The Auckland stopover will be the longest with the first yachts expected to arrive about December 14. The race yachts will tie up in front of ‘Restaurant Row’ at Wynyard Quarter, where passers-by can view them. The fleet will depart on Sunday, January 14. It is expected that between 300 to 400 families will travel to Auckland to join competitors for the Christmas festivities.
Following a recent visit to Auckland by one of the race organisers, the RNZYS has agreed to host the fleet and undertake the race management for the finish and re-start.
“It is exciting for us as a club to be supporting a race like this,” says General Manager Sarah Wiblin. “Given the ‘everyman’ nature of the event, it is a privilege to be hosting the fleet and what it represents to our club community.”
Competitors and their supporters will be given guest membership of the RNZYS for the duration of the stopover. “We will be inviting race crews to utilise our facilities, hopefully sharing some stories and participating in our activities,” says Wiblin.
On Wednesday December 20, a special Whitbread-themed Rum Race will be staged and it is hoped that some of the Ocean Globe Race visitors will join members’ yachts for the occasion. On Saturday December 23, the RNZYS will also host a welcome party for the fleet.

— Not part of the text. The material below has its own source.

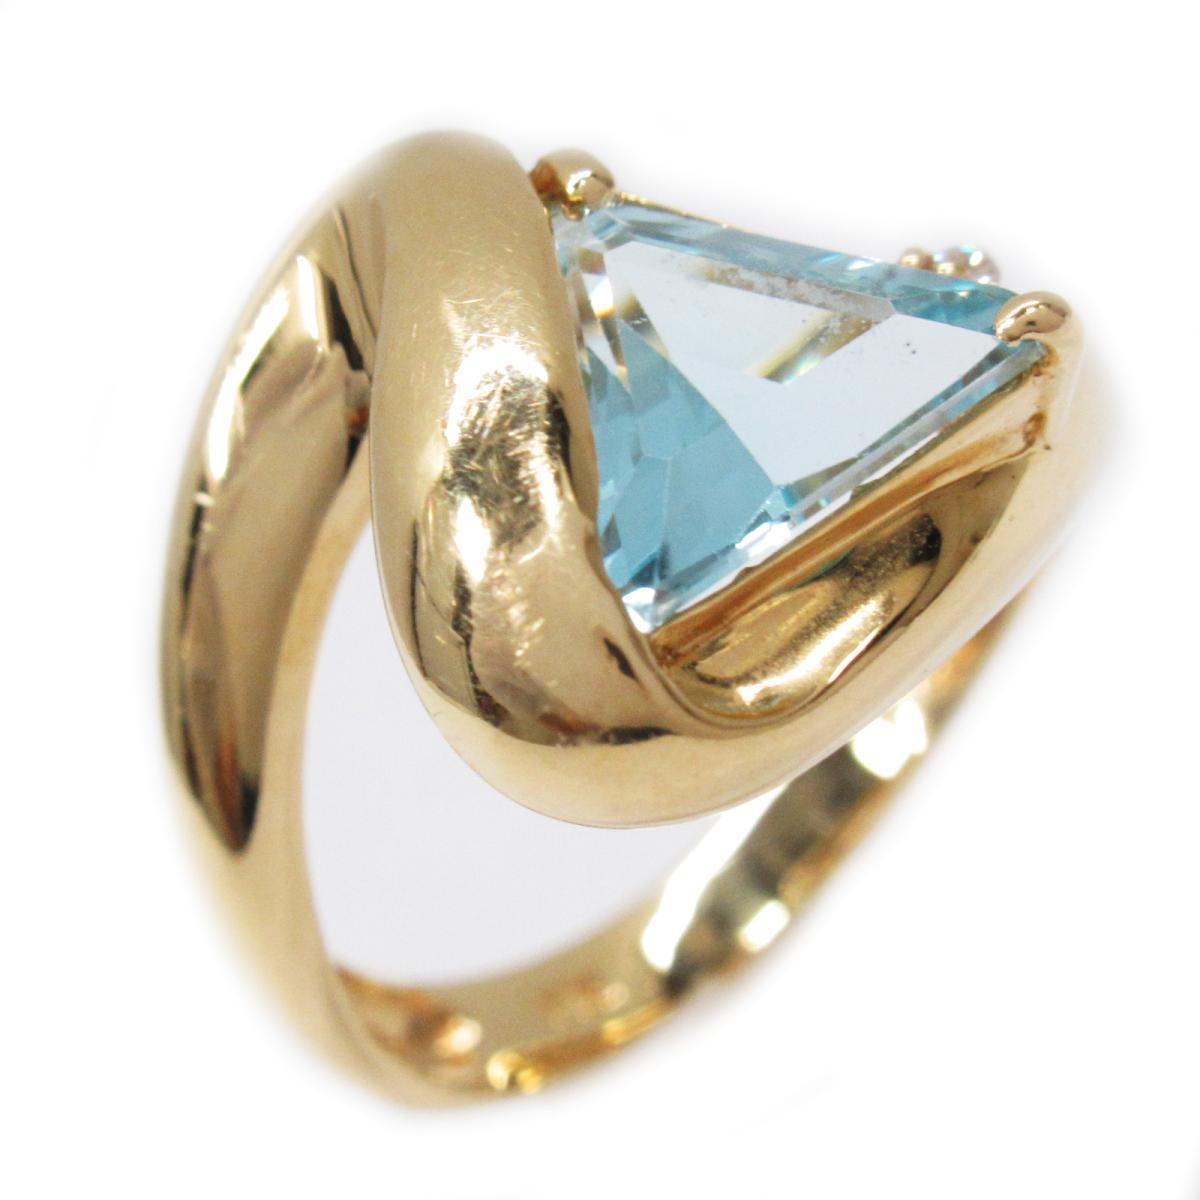 ジュエリー ブルートパーズリング 指輪 ノーブランドジュエリー レディース K18YG (750) イエローゴールドxブルートパーズ (石目なし) ブルーxゴールド 【中古】 | ブランド

Over the Christmas New Year period, the club will close as usual, but will reopen on the weekend of January 6 and “go full noise” in supporting the racers through to the re-start on January 14.

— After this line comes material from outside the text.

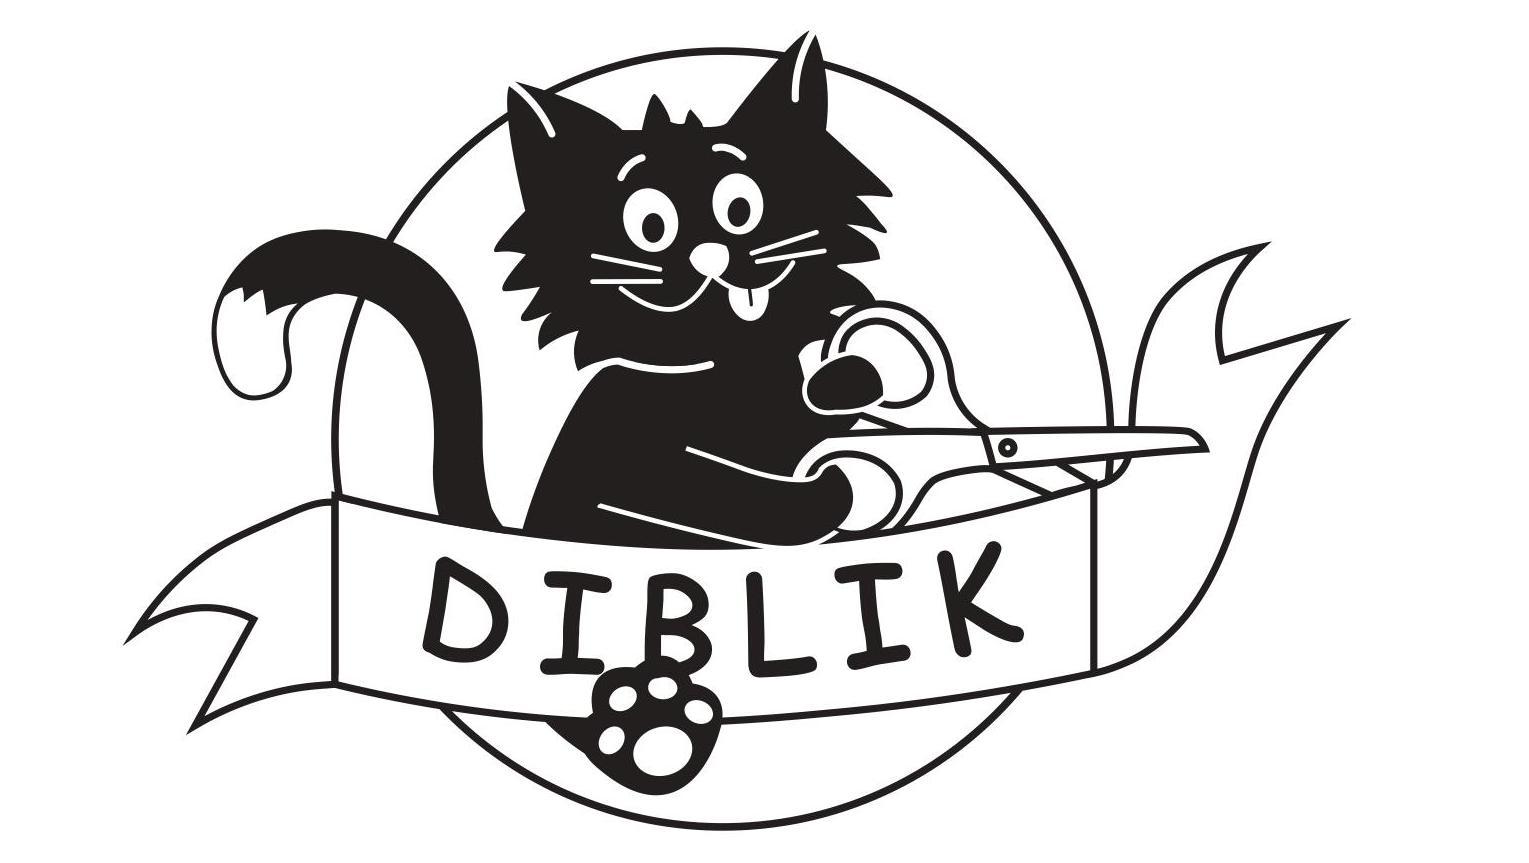 Jan Diblíček

“Highlights in that week will include a Whitbread reunion lunch on Friday January 12, which will lead into a special Ocean Globe Rum Race in the afternoon. We will invite previous Whitbread competitors, who will attend the lunch, to join members on their boats for that race.
“That evening, we will also host the official farewell party for the fleet before they head to Cape Horn, which will be a very special occasion,” says Wiblin. “That Friday is going to be a really big day. We are hoping that some Whitbread veterans from Europe and elsewhere will make the trip to join the festivities.” Auckland is the only venue where a major Whitbread reunion will be held.

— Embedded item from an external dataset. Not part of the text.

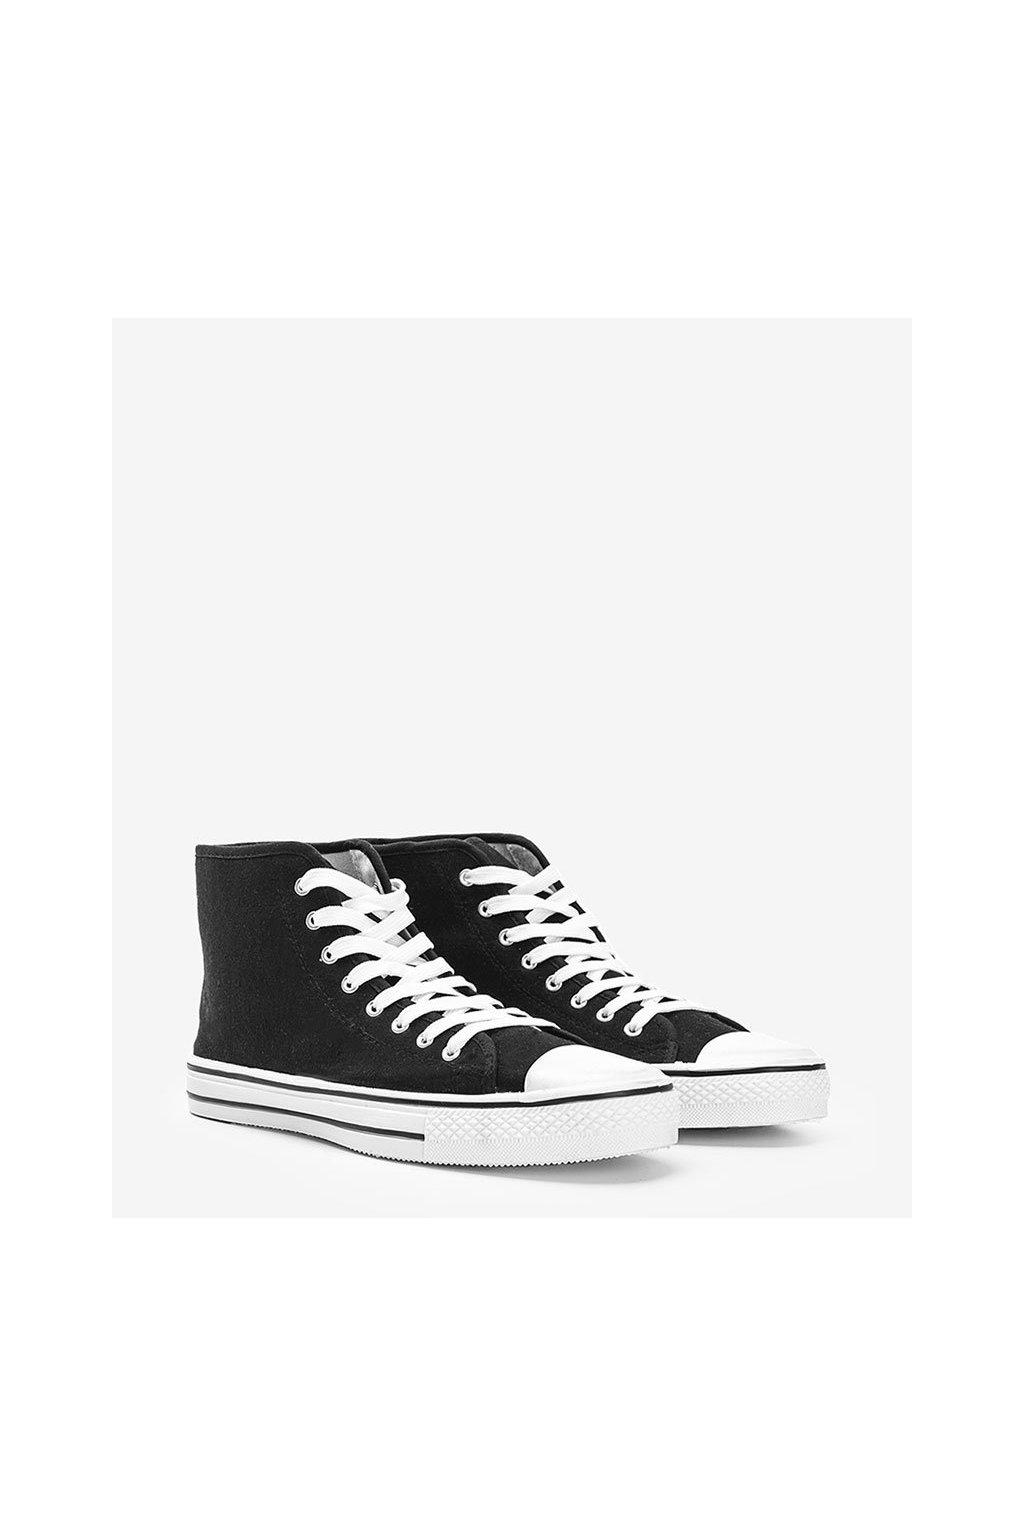 Pánske topánky tenisky čierne kód B082-M - GM

Saturday will be left for the competitors to make last-minute preparations for the long Southern Ocean passage to come. “On the Sunday morning, the RNZYS will host a large breakfast open to members, race crews and their supporters, before heading out on the water to give them a great iconic send-off in true Squadron fashion.” In association with the NZ Sailing Trust, Steinlager 2 and Lion New Zealand, will join the farewell fleet for the re-start.
New Zealand and the RNZYS have a strong connection with the various iterations of the round the world race. Sir Peter Blake and Grant Dalton both carried the RNZYS burgee when they won the race with IOR maxis Steinlager 2 and New Zealand Endeavour respectively in 198990 and 1993-94.
Ross Field and Mike Sanderson both subsequently led campaigns to victory, Field with Yamaha (Whitbread 60) in 1993-94 and Sanderson with ABN Amro One in 2005-06, while other campaigns were led by Kiwi skippers Digby Taylor, Chris Dickson, Brad Butterworth and Kevin Shoebridge. Between 1973 and the 2017-18 edition, 355 on-board crew positions were occupied by New Zealanders across multiple entries.
The original 1973 race stopped in Sydney and by-passed New Zealand, but the Whitbread organisers were not happy with the Australian reception. They felt the city largely ignored the round the world racers in favour of the traditional Sydney-Hobart race.
In negotiations with the RNZYS, Auckland became the stopover for the next and most of the subsequent races. It became a crew favourite over the years and a major maintenance stop, enjoying the support and expertise of the local marine industry.
The Ocean Globe Race organisers are already in discussions with industry representatives about haul-outs and maintenance for the yachts during the stopover, while the RNZYS is mobilising some of its own partnerships and relationships, like Accor Hotels, to facilitate crew members’ time in New Zealand. Many will take the opportunity to explore New Zealand beyond Auckland, while their families visit.